Воспоминания | страница 126



В апреле я уехал в Европу. Мне предстояли два месяца гастролей в Германии и Скандинавии: в Берлине, Гамбурге и Ганновере я должен был петь в операх, а в Бреславле, Копенгагене и Стокгольме — в концертах. И снова я был поражен восторженностью тех, кого знал раньше как «холодных северян». Я привык уже к успеху, и восторг слушателей не изумлял меня. Но впервые я вынужден был уступить и петь после того, как меня непрестанно вызывали в течение получаса — это было в Гамбурге. Впервые меня несли на руках до гостиницы — в Берлине. Все это было ново для меня.

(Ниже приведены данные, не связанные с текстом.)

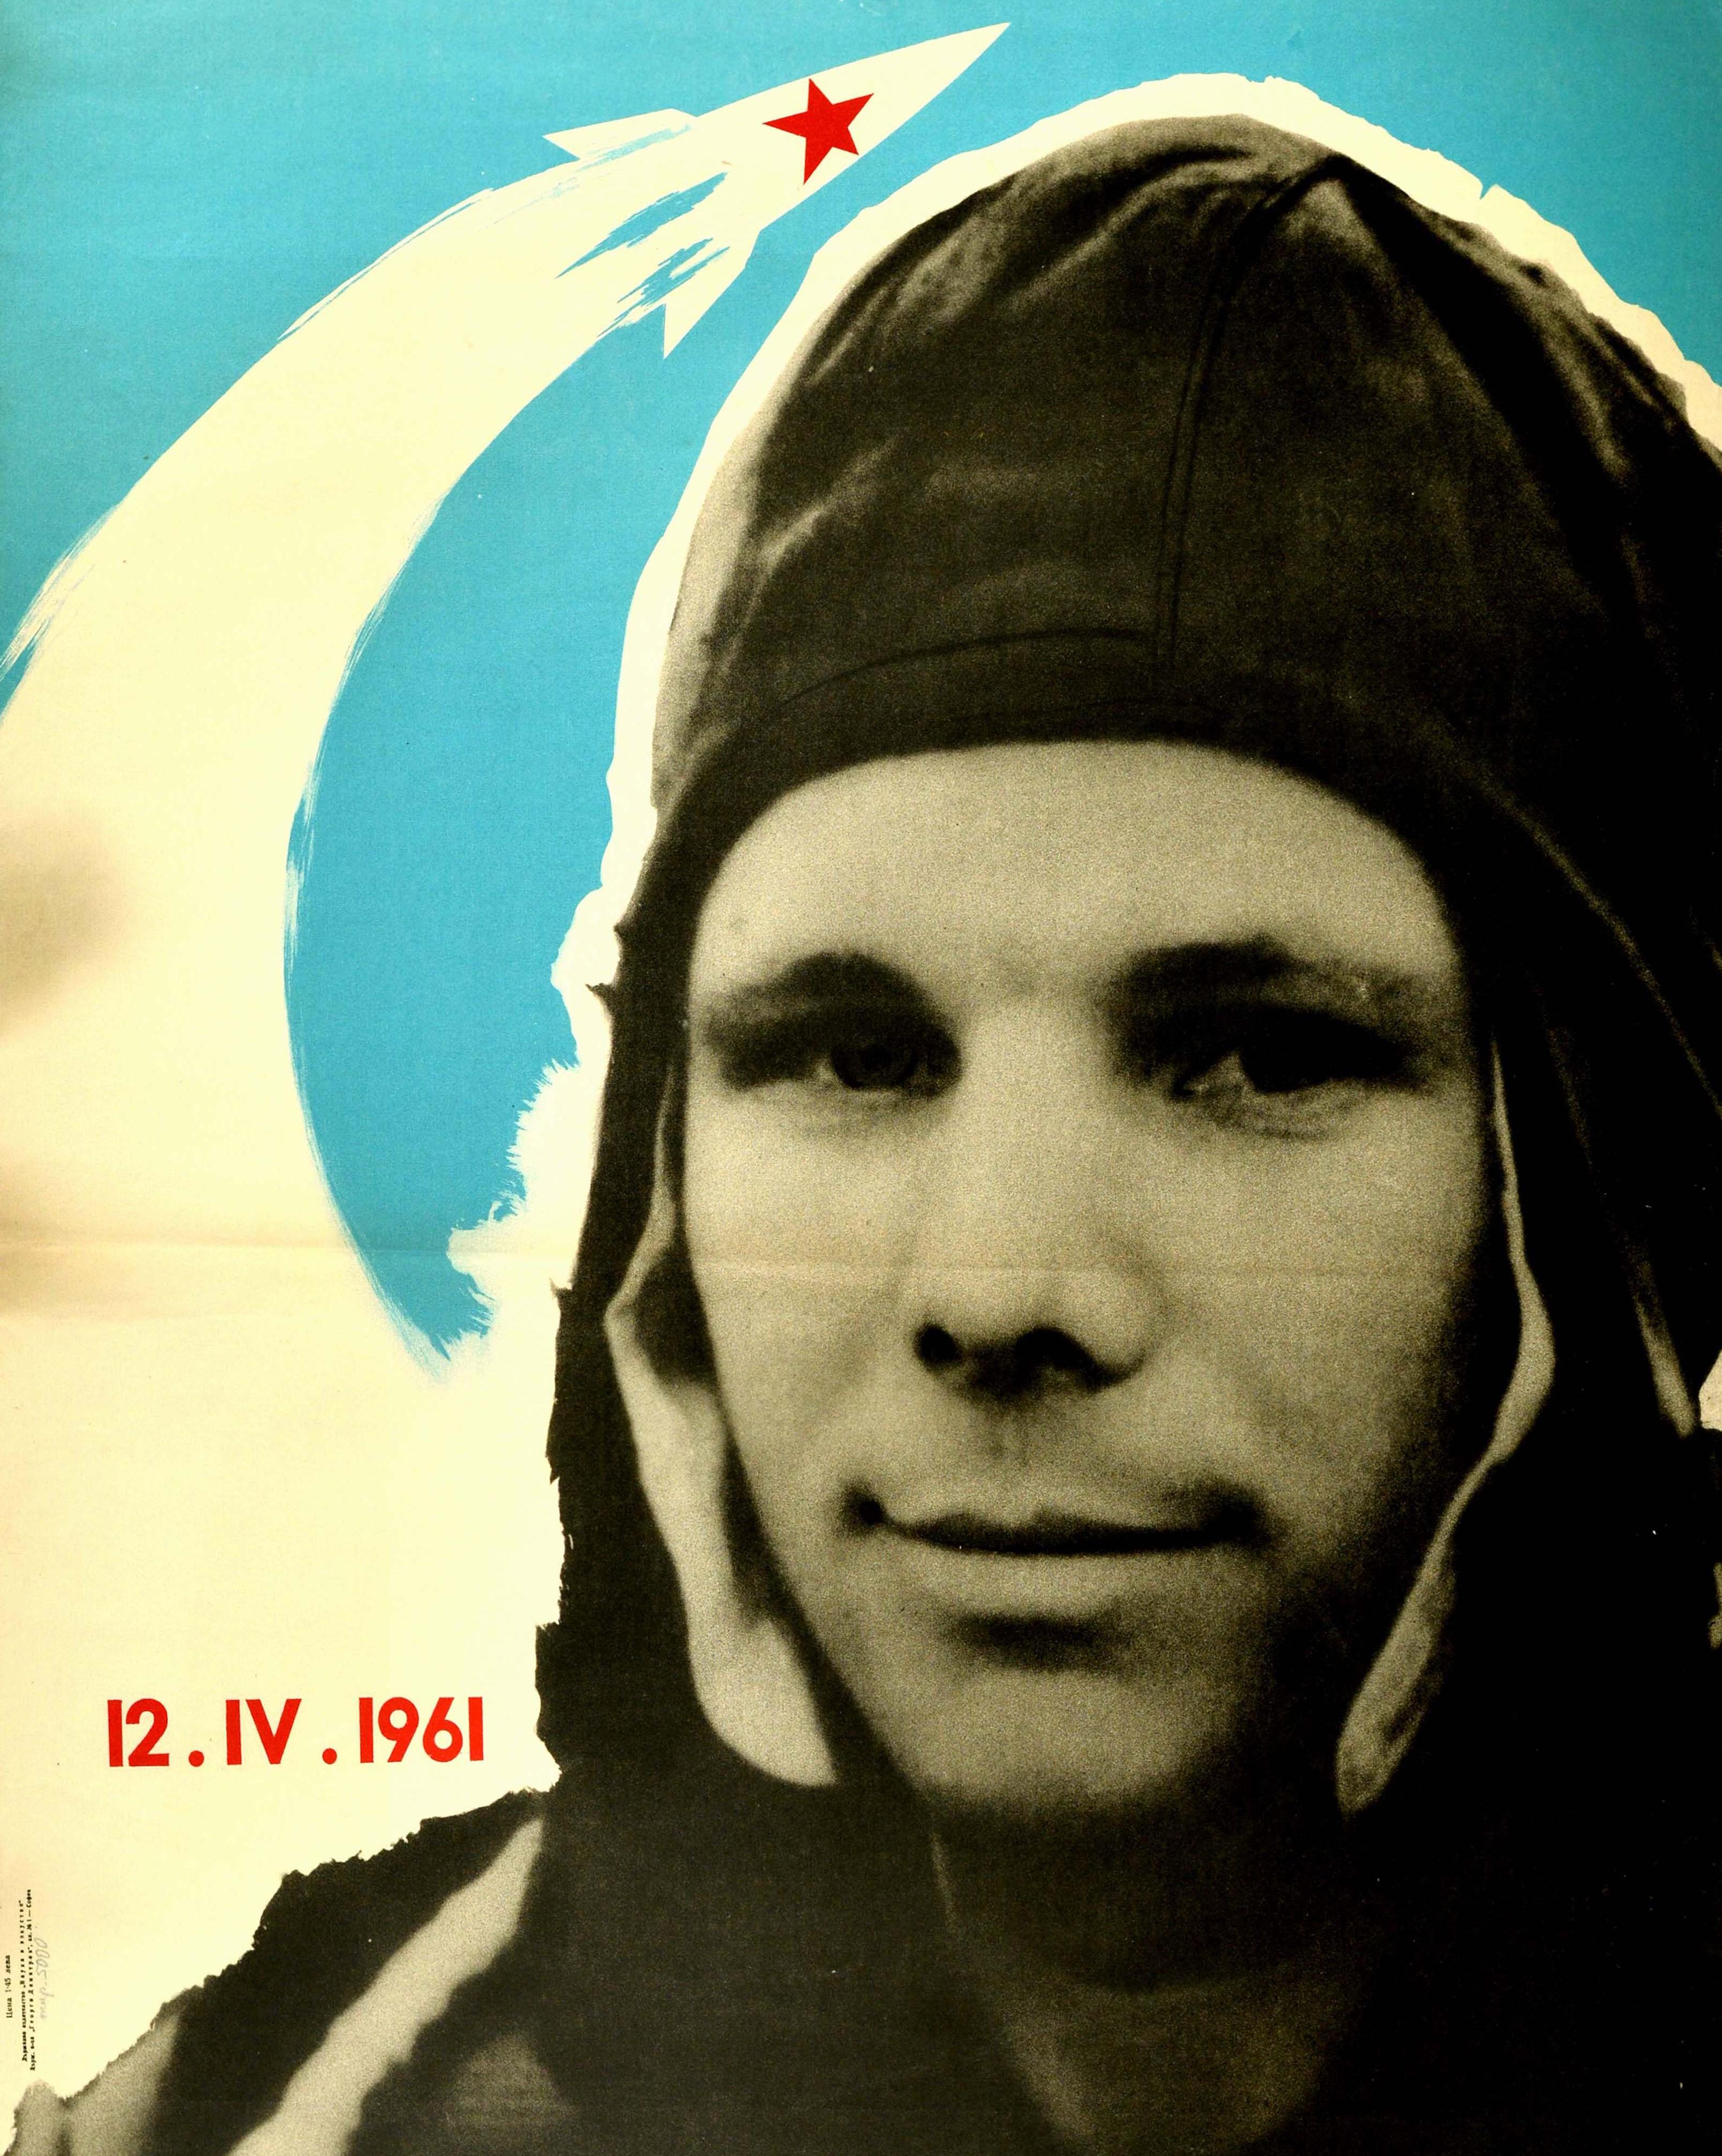 Originales altes Propagandaplakat aus dem sozialistischen Bulgarien - Ruhm für den ersten Kosmonautenpiloten Major Juri Gagarin! - mit einer Schwarz-Weiß-Fotografie des ersten Menschen im Weltraum am 12. April 1961. Der Pilot und Kosmonaut Juri
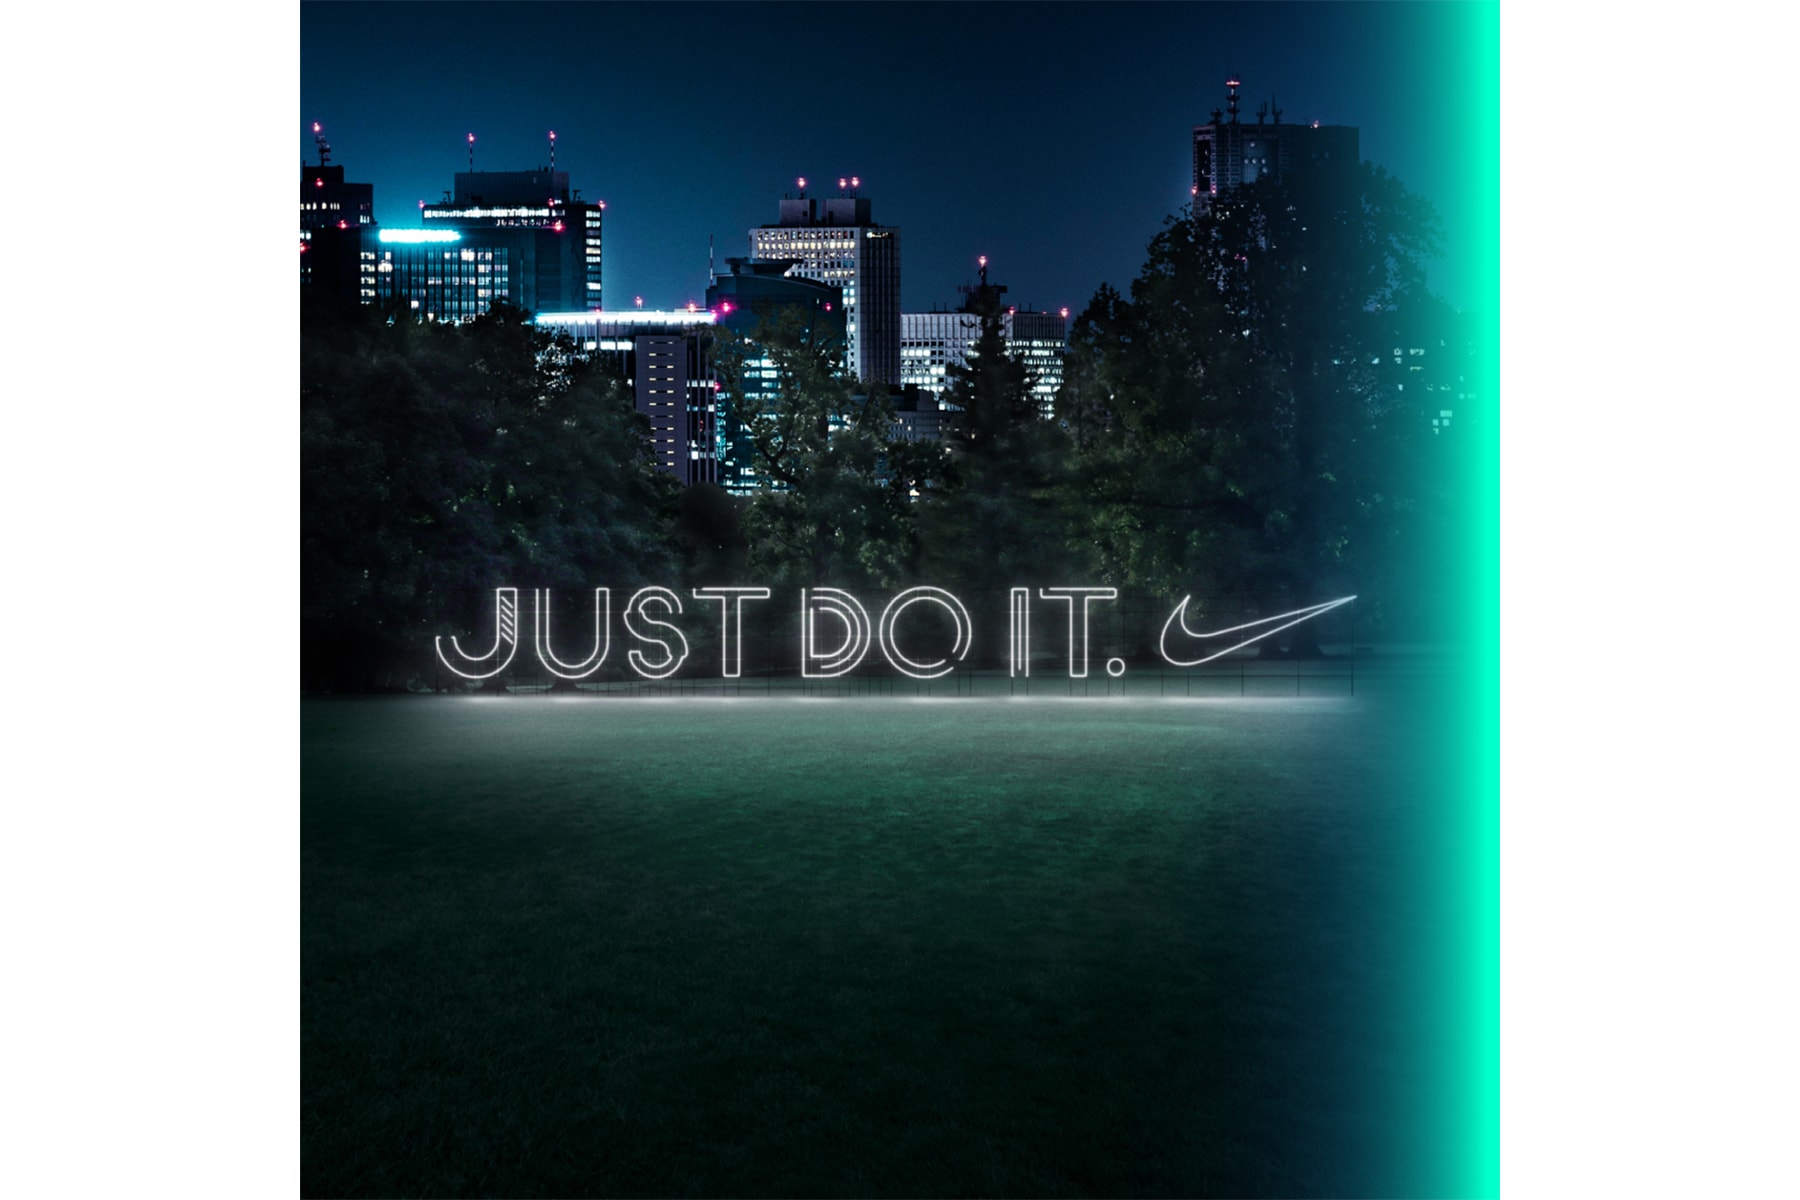 閉園の新宿御苑にて Nike が一夜限りのスペシャルなスポーツイベントを開催 ナイキ HYPEBEAST ハイプビースト

13 июля я уехал в Буэнос-Айрес. Там группа солистов «Метрополитен» — Клаудиа Муцио, Франчес Альда, де Лука, Дидур и дирижер Серафин — принимала участие в осеннем итальянском сезоне в театре «Колон». 20 августа я пел с Клаудией Муцио на торжественном представлении «Лорелеи», которое давалось в честь принца Гальского. Принц выразил желание лично поблагодарить некоторых исполнителей. Меня представили ему в первом антракте вместе с Клаудией Муцио и Серафином. Он очень любезно беседовал с нами несколько минут. Когда я стал прощаться с ним, он подарил мне золотой портсигар, сказав при этом, что я непременно должен приехать на гастроли в Лондон.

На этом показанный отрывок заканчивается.